People want sincerity. There is lots of it in the world, but it’s out of sight. It’s around the corner from the hucksters and the sociopaths; the loud mouths and the control freaks. Sincerity is there, speaking at the same volume it always has, and people are hungry for it. Interviewing is a constant struggle between being your true self and holding back a little because you tell yourself, you’ve got to maintain that level of “professionalism” when really, you aren’t sure if you want people to know you THAT well.
He said he had never done interviewing before he started doing interviews on his show. To me, that says sincerity is what lifted him up. His creativity and the willingness of people to take a risk on something they see in him was all based on how clearly they could see it. When I talk to people, I sometimes edit out my stumbles, but listening to Fallon, I wonder if I should leave more of them in. I don’t know.
Listening to him be honest with me was what I aspire to be and do.
Ending the Interview
Ending an interview is and isn’t like ending a conversation. It is like ending a conversation in that you are concluding an interaction you’ve been having with someone. And as such, there are certain social conventions you follow and social subtleties you have to be aware of. For example, when you’ve exhausted the subject and you both know it, you don’t grapple for something to continue it; you know it’s done. There is a certain grace to knowing that.

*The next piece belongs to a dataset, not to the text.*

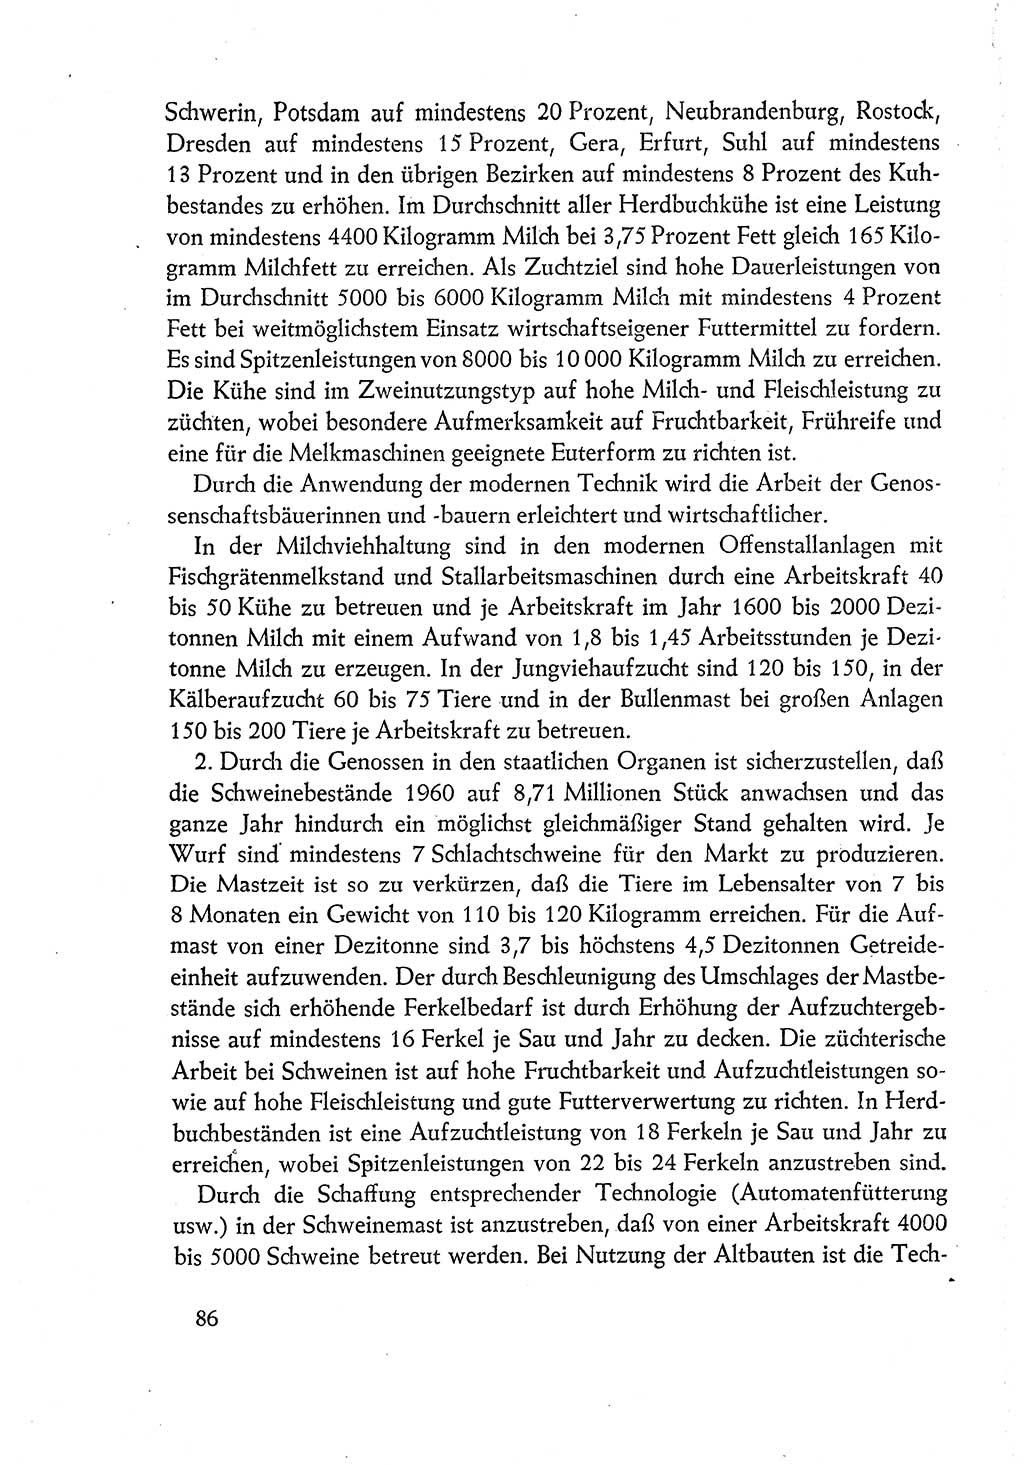 Dokumente der Sozialistischen Einheitspartei Deutschlands (SED) [Deutsche Demokratische Republik (DDR)] 1960-1961, Seite 86 (Dok. SED DDR 1960-1961, S. 86)

But you don’t want to be gauche, and turn on your heels and walk away. Just because the reason for the talk is past, you still have to find a gracious way to transition away from this person who has been sharing themselves with you. It may be taking a deep, audible breath, which most people recognize as a cue for, “I’m about to say goodbye – get ready.” Or, you might use a word like, “Well, …” which is also a cue for letting the person know you’re about to recap the interaction; “Well, I’ve really enjoyed meeting you.”
But ending an interview isn’t like a conversation in that, and I’ve said this before, since you probably don’t know the person you’ve been talking with either personally or professionally, trying to make a personal connection beyond the professional conversation is a no-no. Expressing any kind of longing for more, unless they’ve made the offer, is usually considered to be inappropriate. Of course, some interviewees might like certain interviewers more than others and be open to an invitation. But that can be professionally touchy, and interviewers need to be cognizant of the fuzzy lines.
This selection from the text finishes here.